= Exercise =
An exact copy of every record, with no pictures, please.

= Task input =
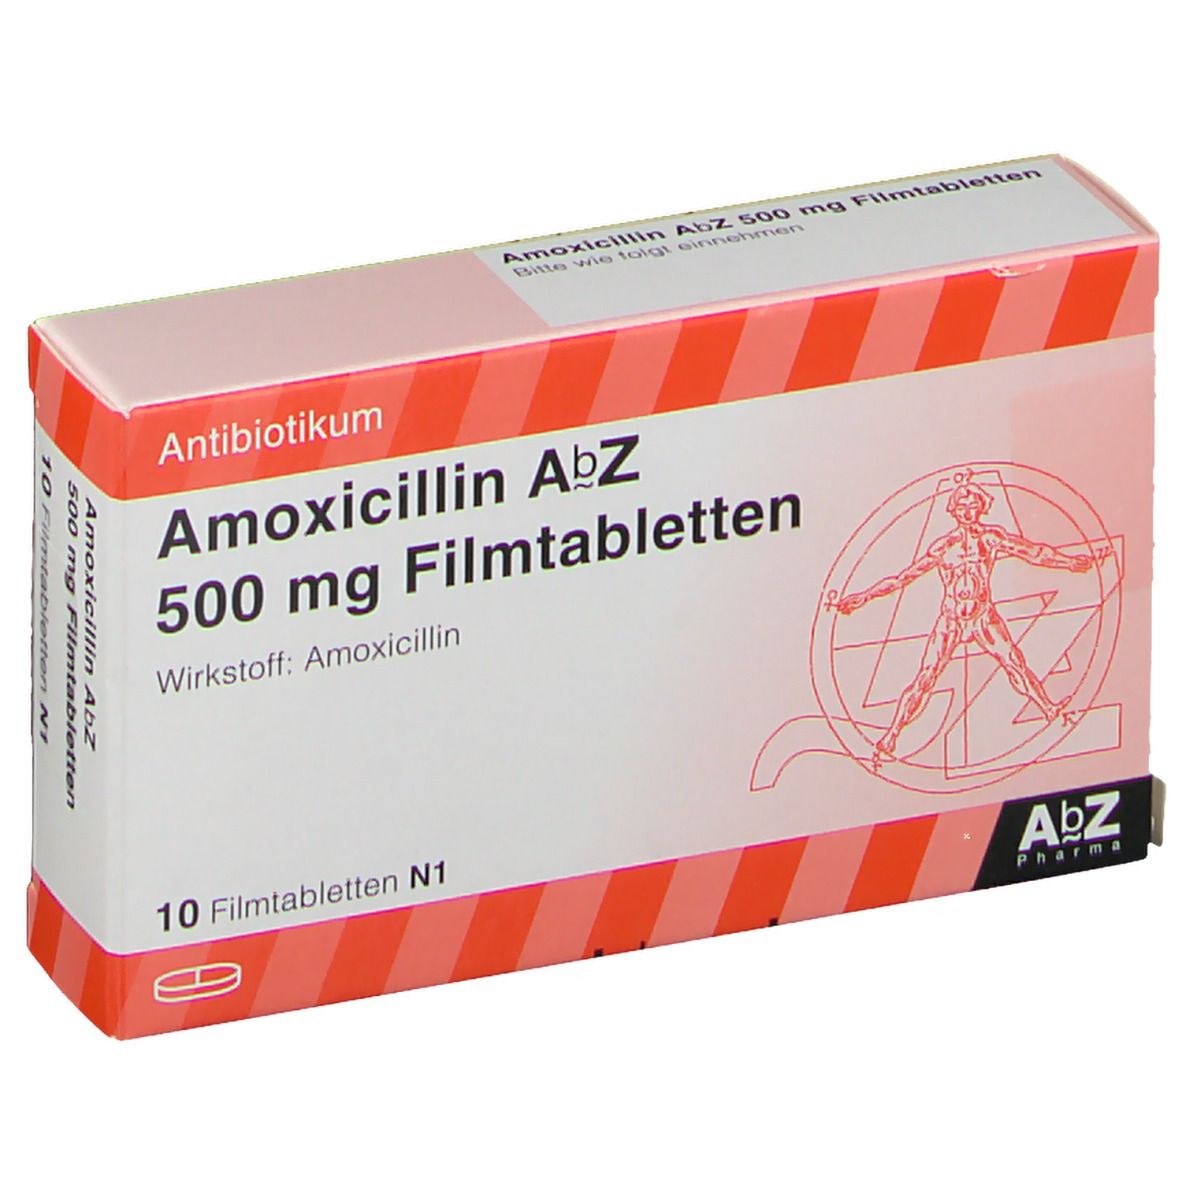 Amoxicillin AbZ 500 mg
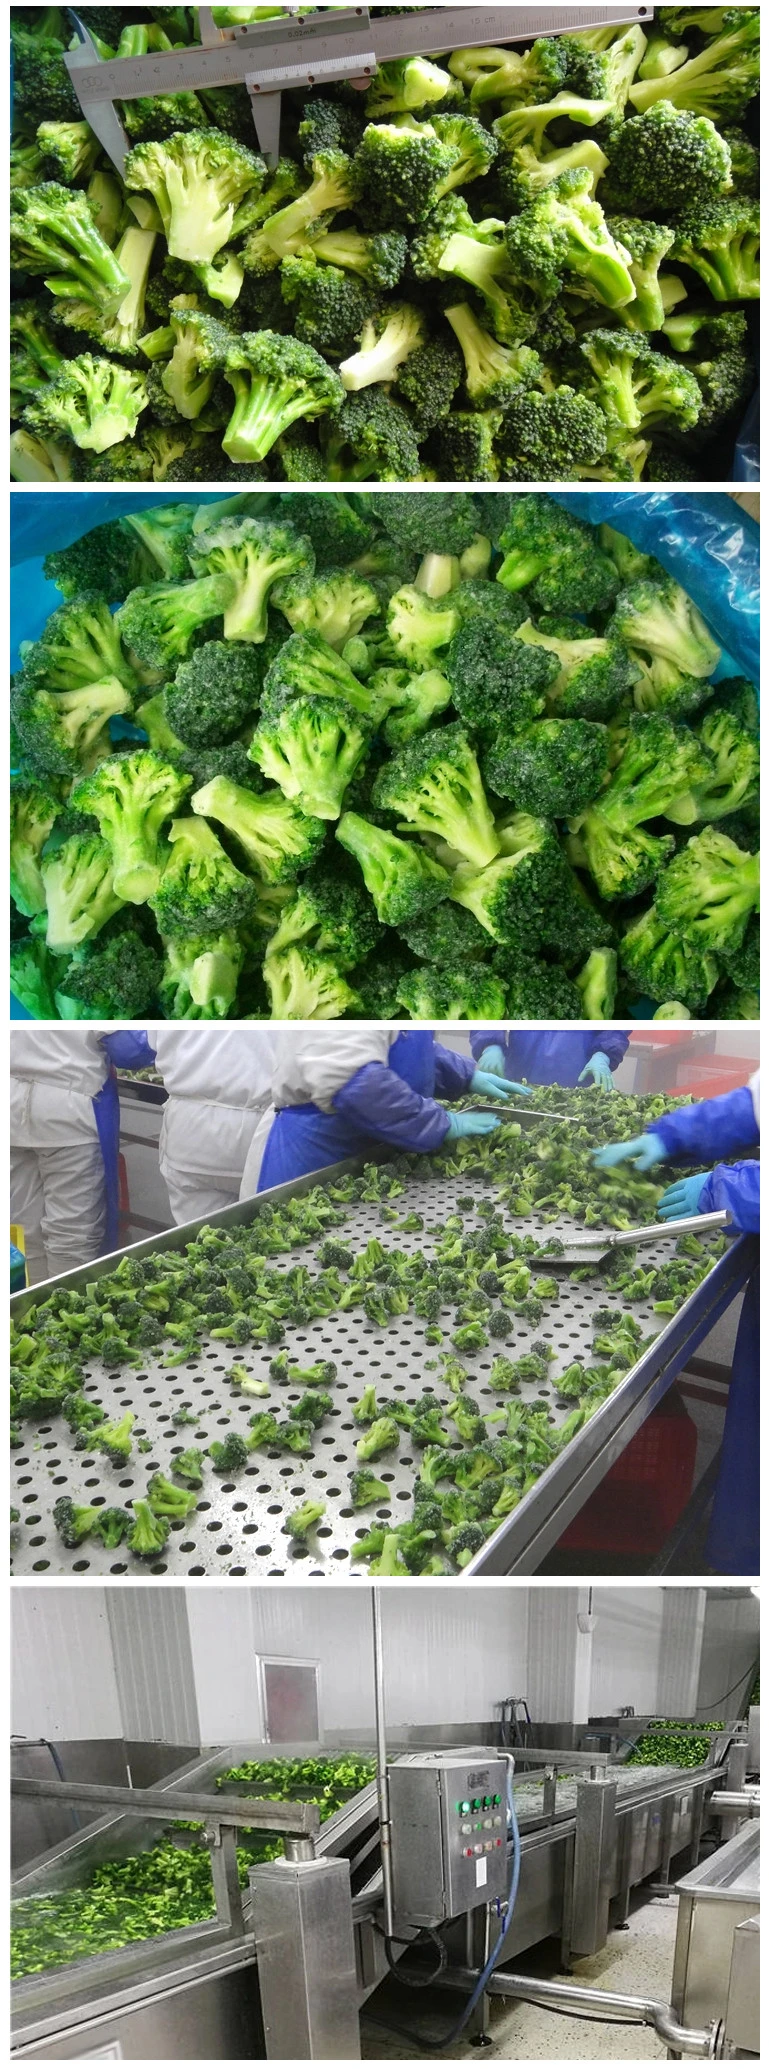 Frozen Vegetable, Frozen Broccoli
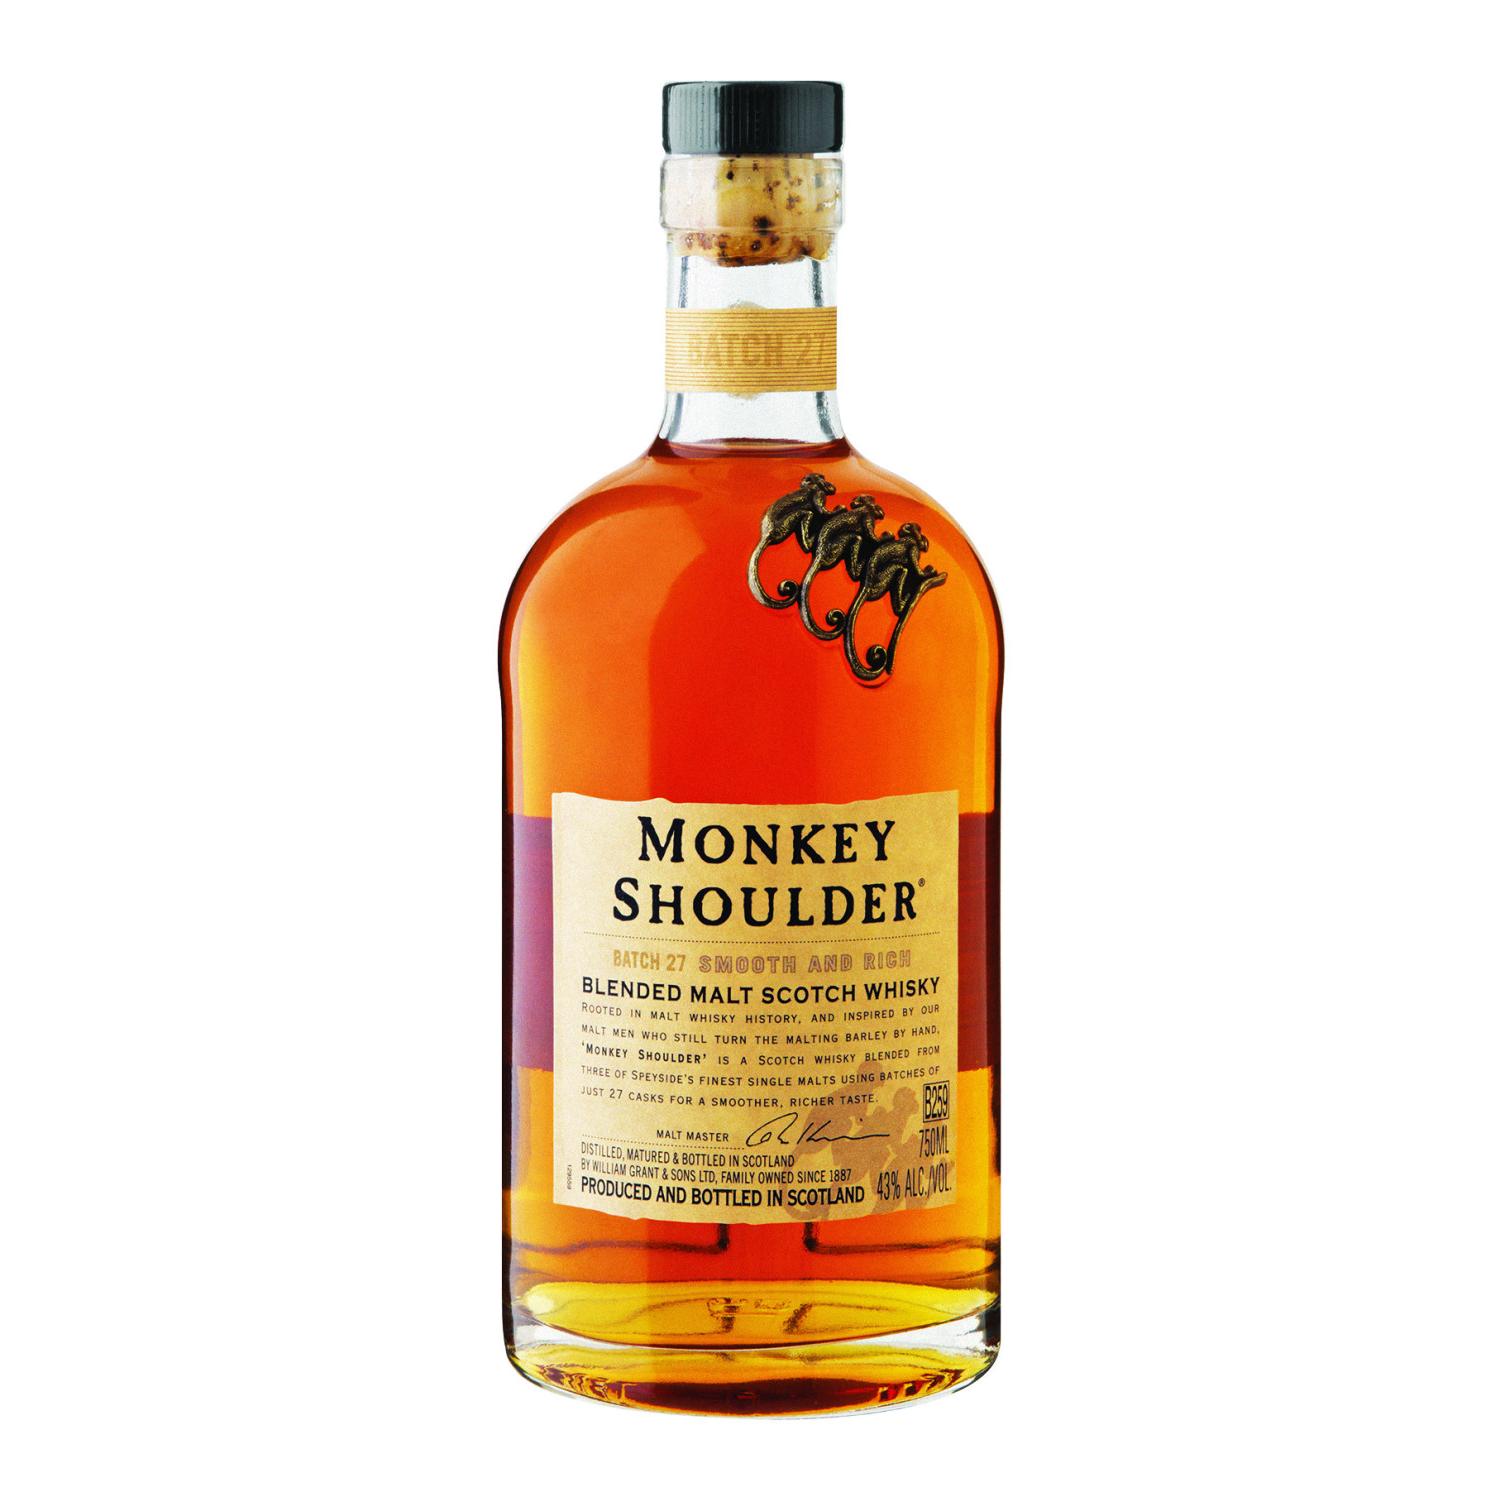 Манки 0.7. Манки Шоулдер виски. Виски Monkey Shoulder, 0.7 л. Виски манки шолдер 0,70. Виски манки шолдер 0.7.
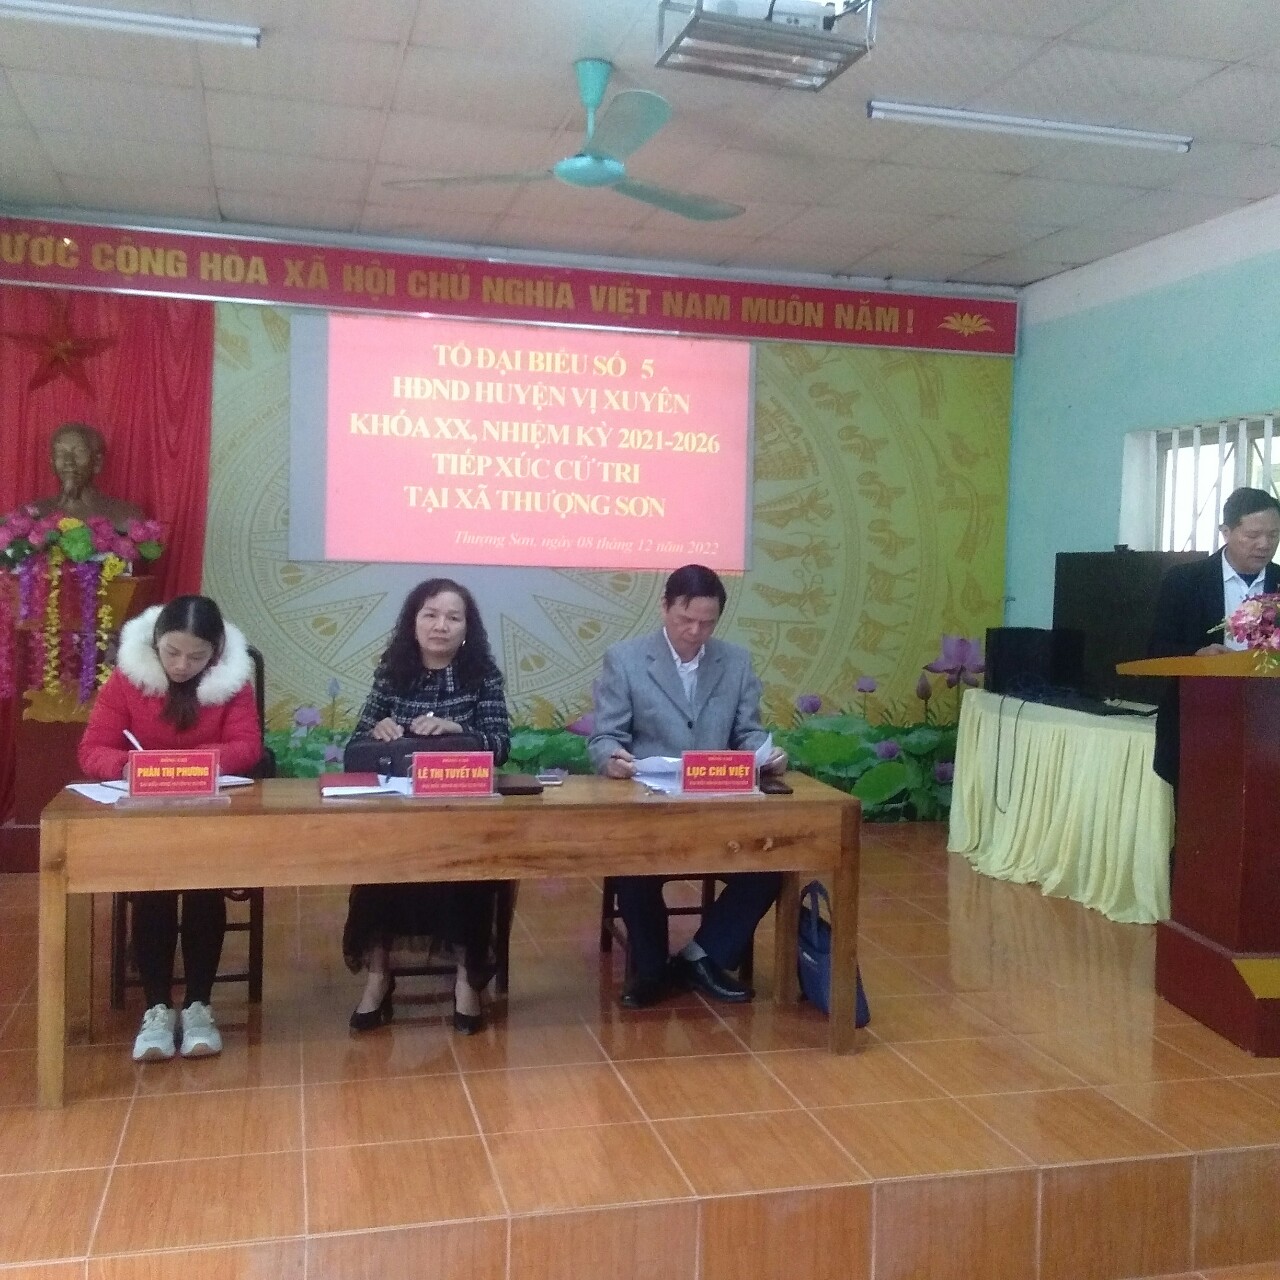 Tổ Đại biểu số 5, HĐND huyện Vị Xuyên TXCT tại xã Thượng Sơn
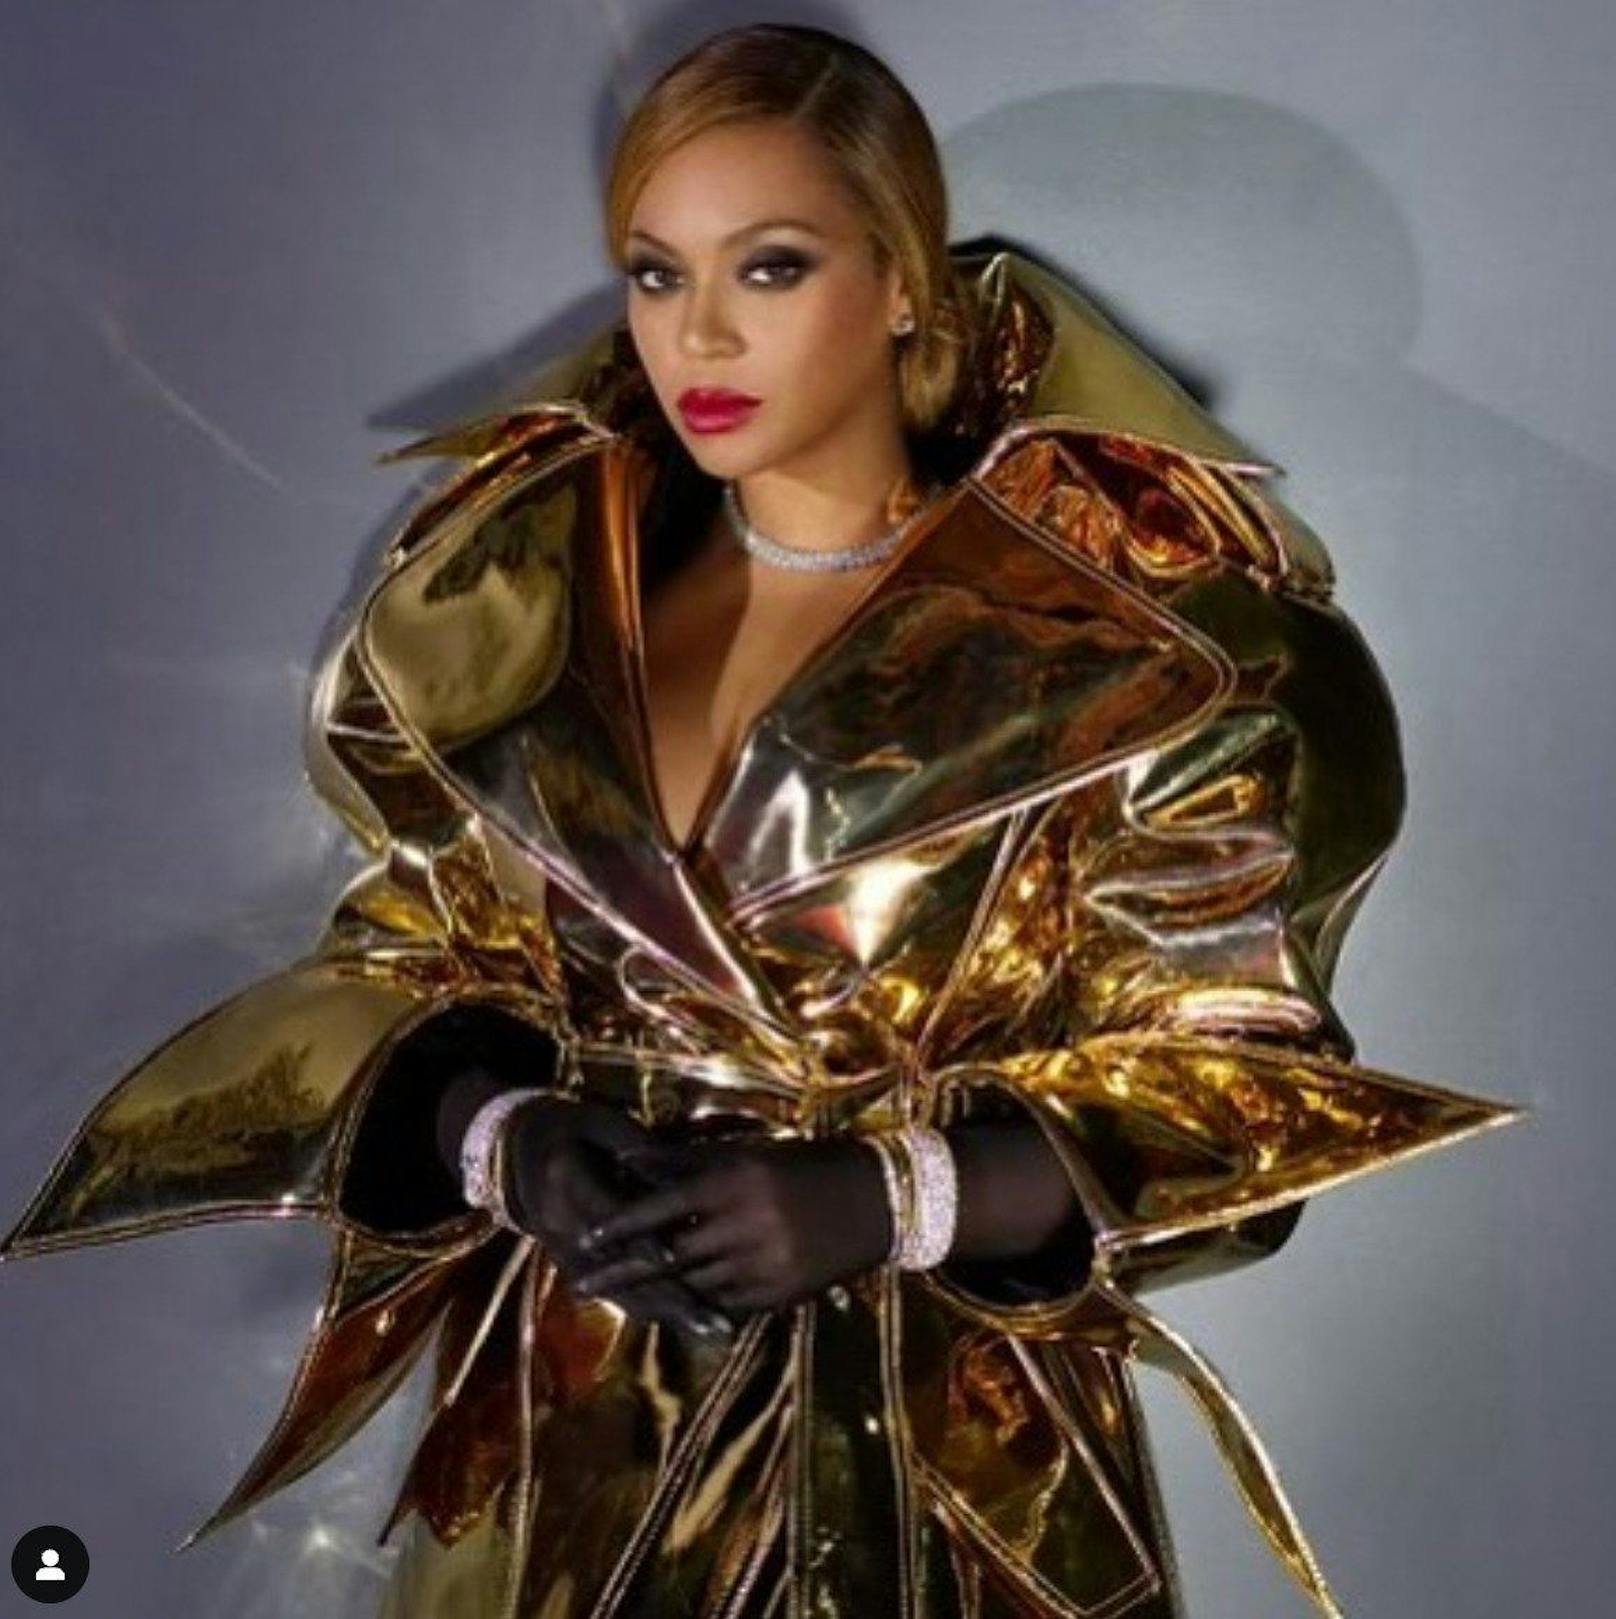 Die Diva des Pops in einem goldenen Mantel von Duran Latink.

= Exercise result =
 Amoxicillin AbZ 500 mg
 Frozen Vegetable, Frozen Broccoli
 Манки 0.7. Манки Шоулдер виски. Виски Monkey Shoulder, 0.7 л. Виски манки шолдер 0,70. Виски манки шолдер 0.7.
 Tổ Đại biểu số 5, HĐND huyện Vị Xuyên TXCT tại xã Thượng Sơn
 Die Diva des Pops in einem goldenen Mantel von Duran Latink.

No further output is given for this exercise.